Problem details
Among the entries below, find the line with "steel for packaging europe" and the line with "Les fromages de". Return exactly those lines and every line between them, but no pictures.

Listed records
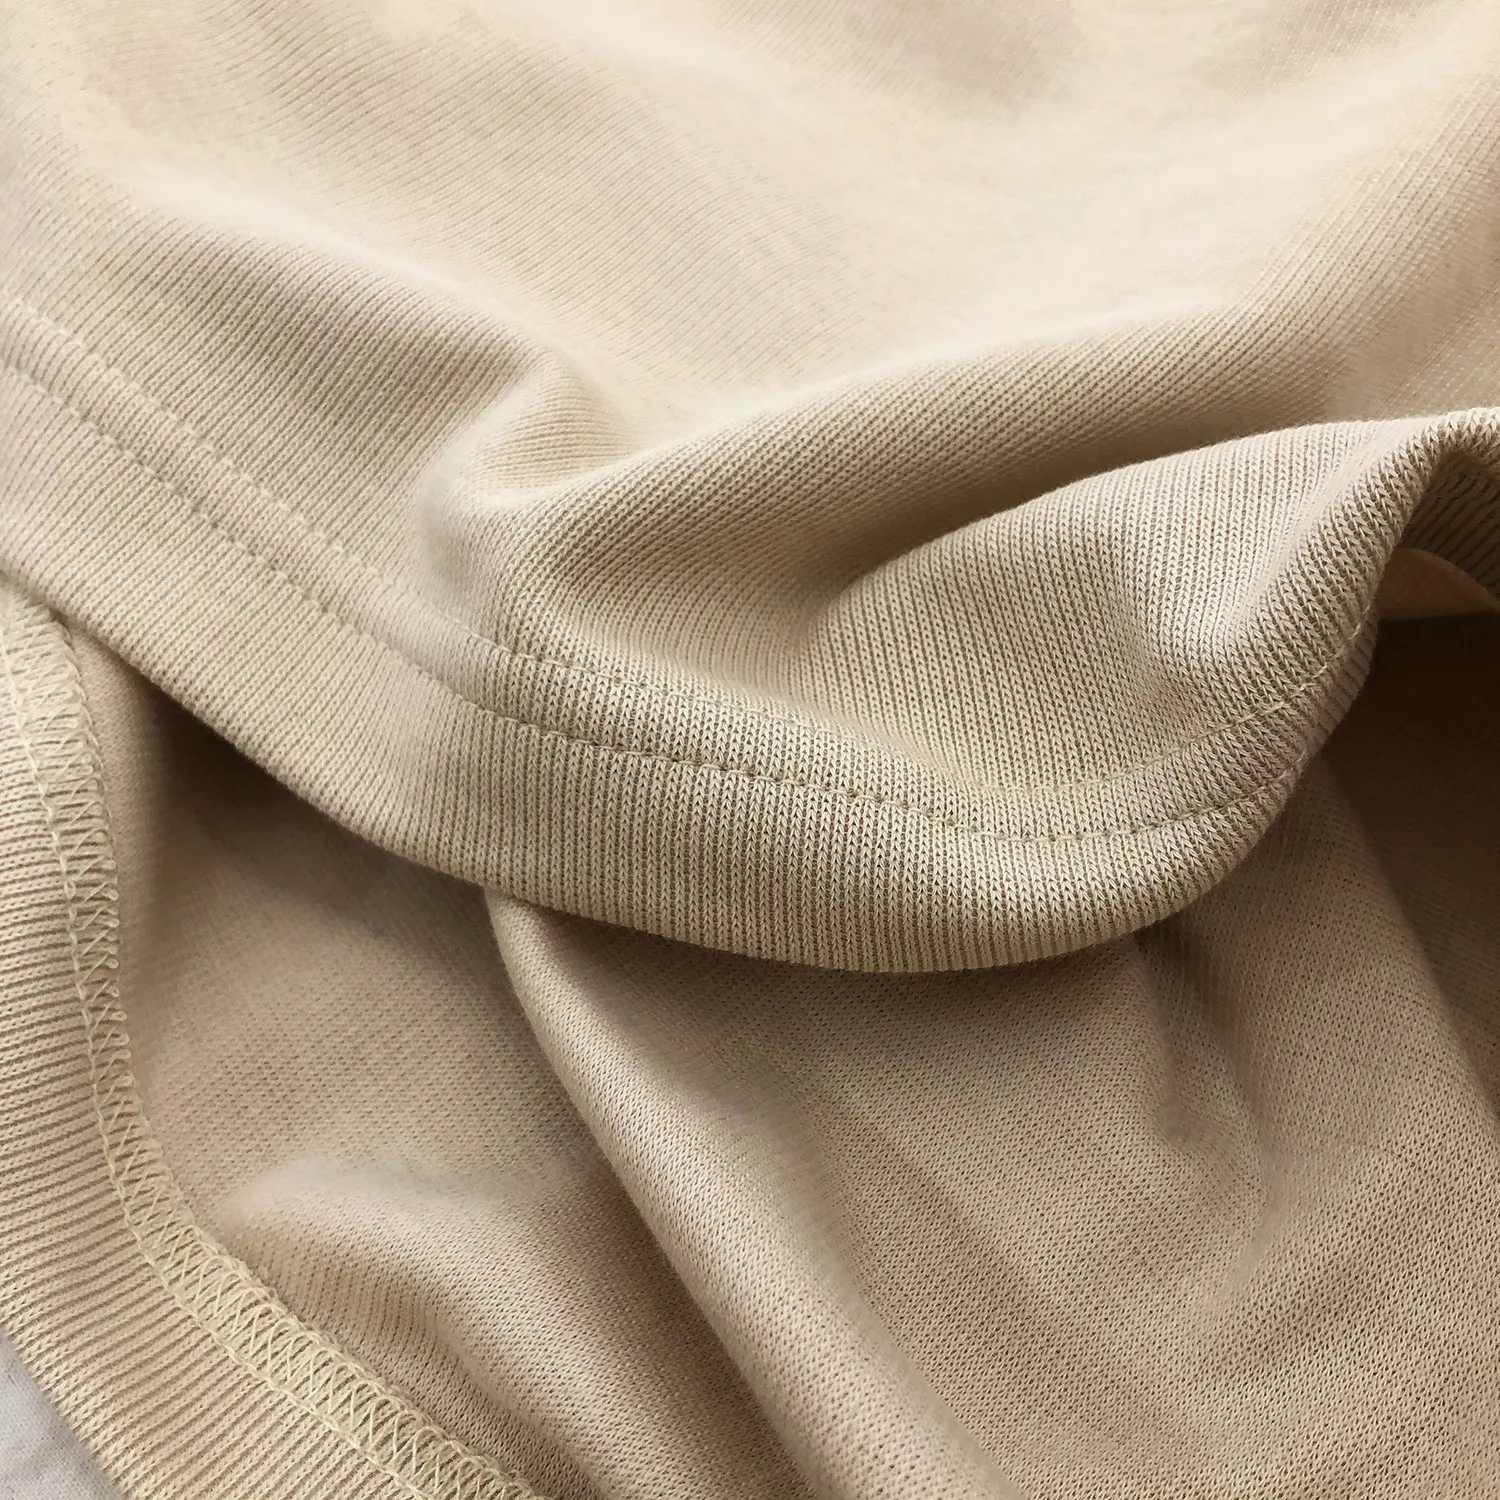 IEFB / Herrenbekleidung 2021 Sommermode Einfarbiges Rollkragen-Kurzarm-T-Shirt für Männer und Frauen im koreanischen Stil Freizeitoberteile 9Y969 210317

--

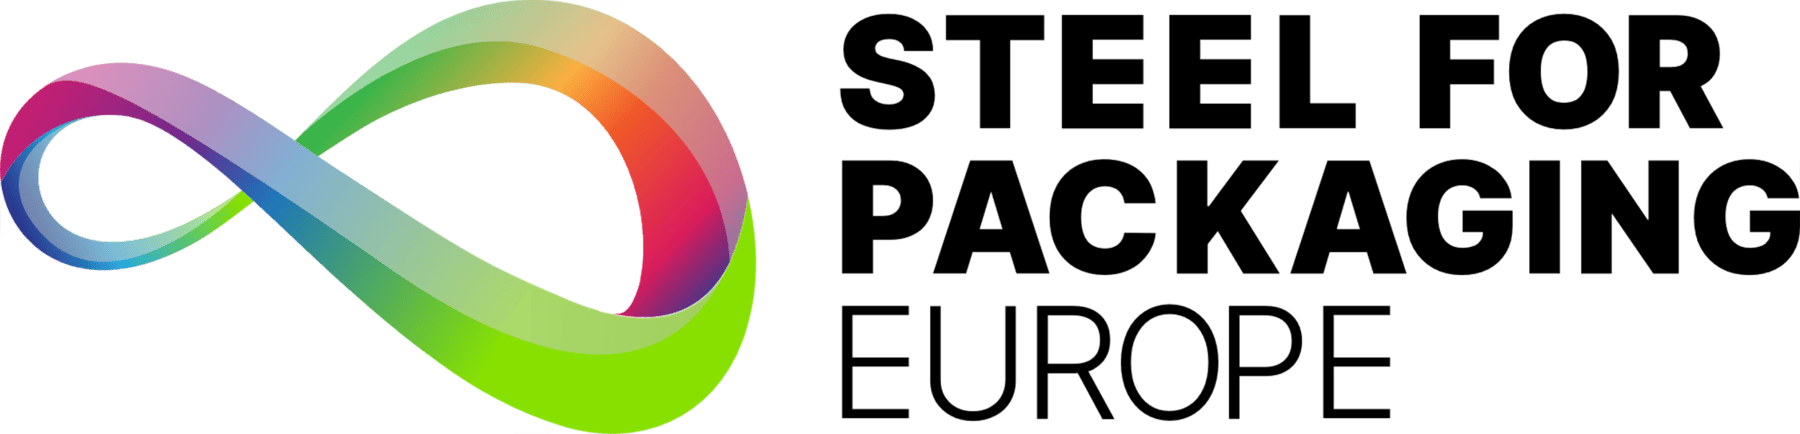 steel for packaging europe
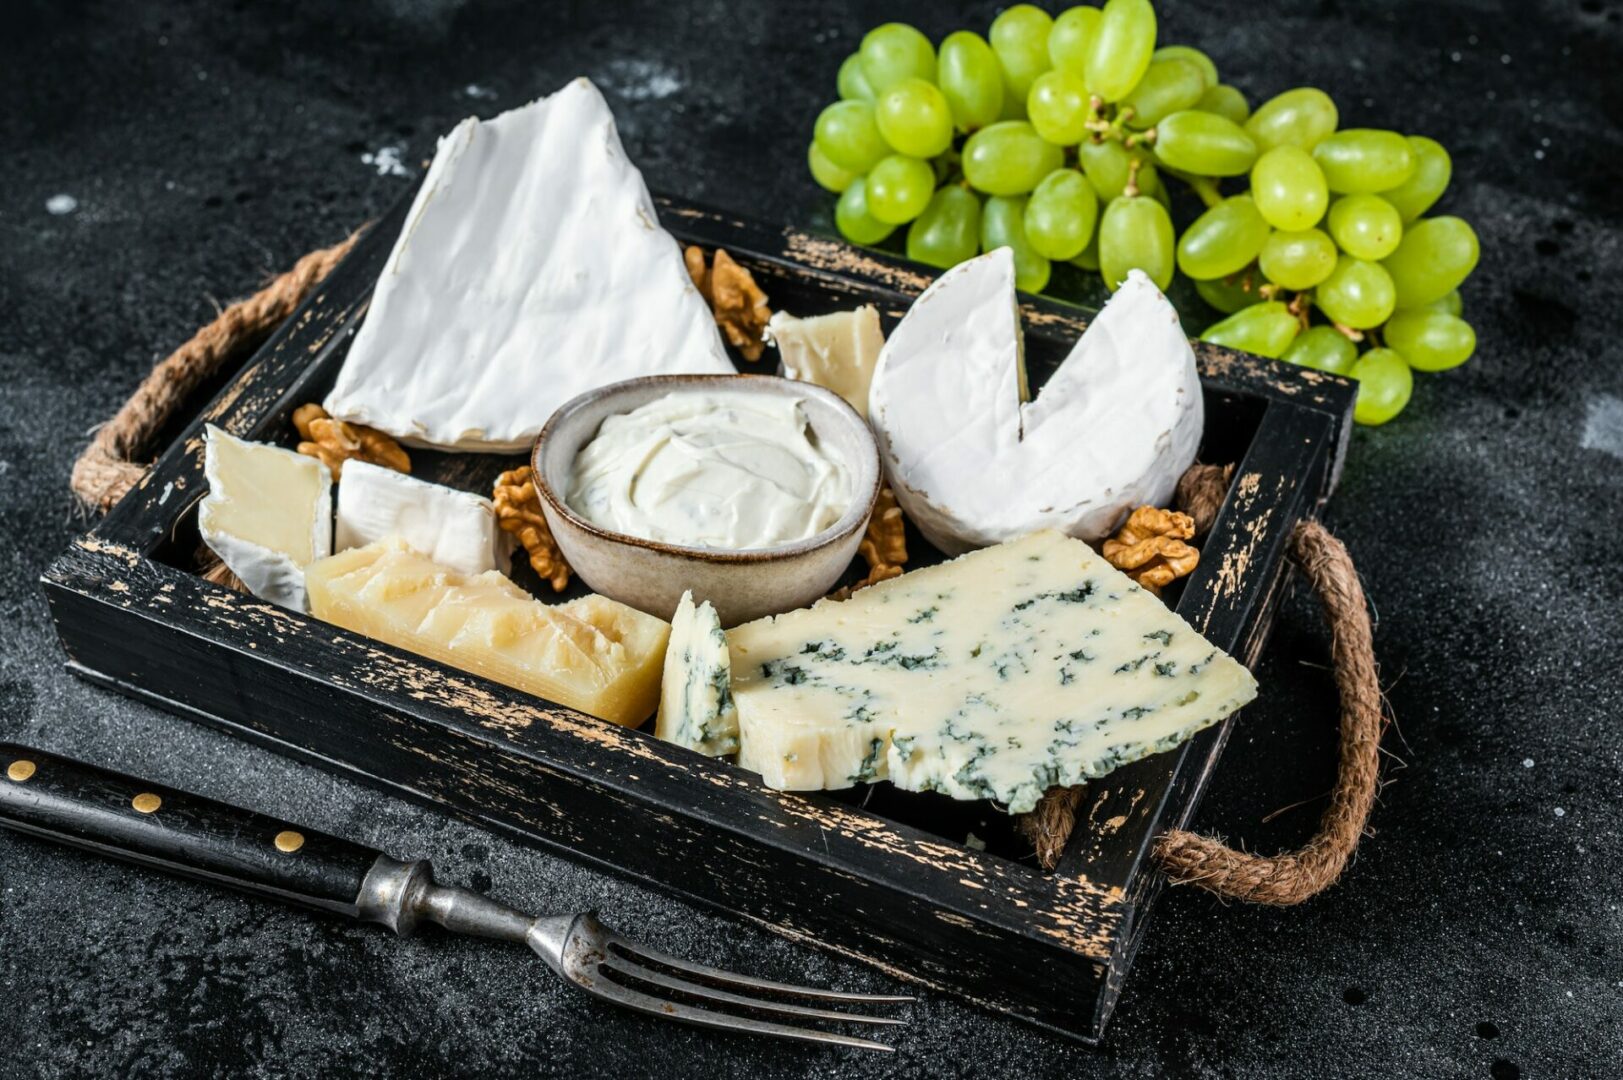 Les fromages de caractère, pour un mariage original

Your solution
 steel for packaging europe
 Les fromages de caractère, pour un mariage original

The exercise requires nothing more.